Beauty. That looks like the Orca fork; anyone know if that's what it is, or is it all new for the Onix?


----------



## cwilliams (Jul 26, 2008)

Nice, I might have to consider the white tape for mine now. 

The fork is the standard for that comes with the Onix. It now resembles what is on the Orca. 

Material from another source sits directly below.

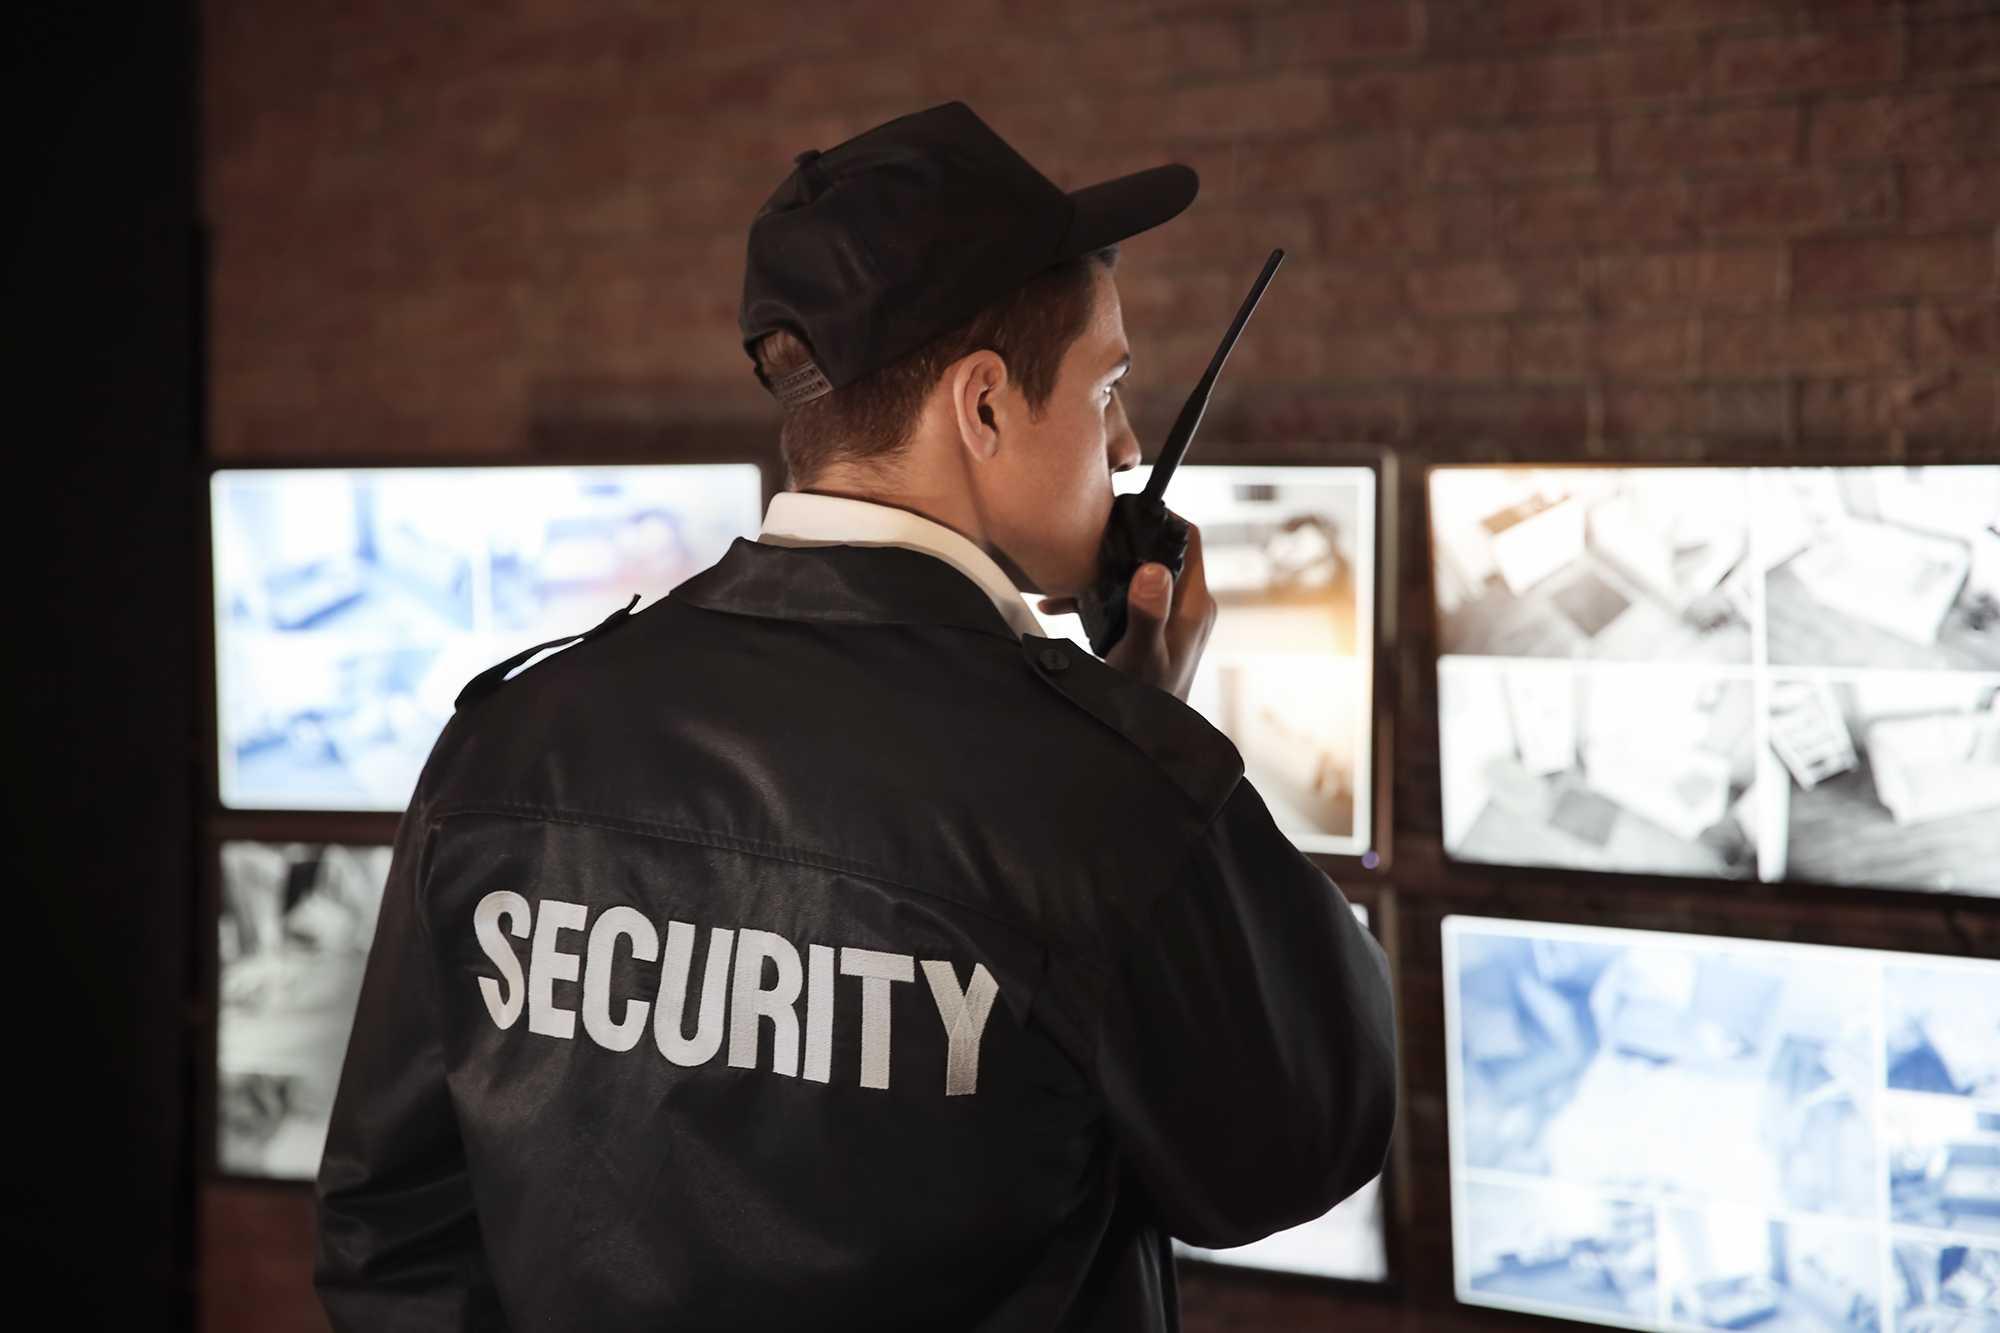 Как защитить свои личные данные от хакеров  | лаборатория касперского

The Onix is a complete redesign


----------



## jazzman161 (Aug 3, 2008)

Thanks for the compliments.

My LBS asked if I wanted to swap out the tires for white-walled and a white seatpost as well but I didn't want to go overboard. I'll probably do that here soon though. hehe


----------



## GregH (Jul 27, 2008)

Sweet bike! You're already faster.....


----------



## jazzman161 (Aug 3, 2008)

So after one ride I already have a chip in the paint somehow in the front fork. No idea how that happened. =/

I know there's a warranty on the paint/frame/fork but would something like this be covered? If Orbea will replace it, am I better off just doing it at my original LBS or the closest Orbea dealer? I don't want to have to go through all that resizing and everything again.


----------



## Amsmoore (Jun 11, 2008)

Chips happen. Its not gonna stay looking pristine if you use it the way its intended.


----------



## jazzman161 (Aug 3, 2008)

Thanks. Just making sure I wasn't alone. I figured road riding would be a little easier on my bike, as far as the frame and chipping go, compared to mt. biking.


----------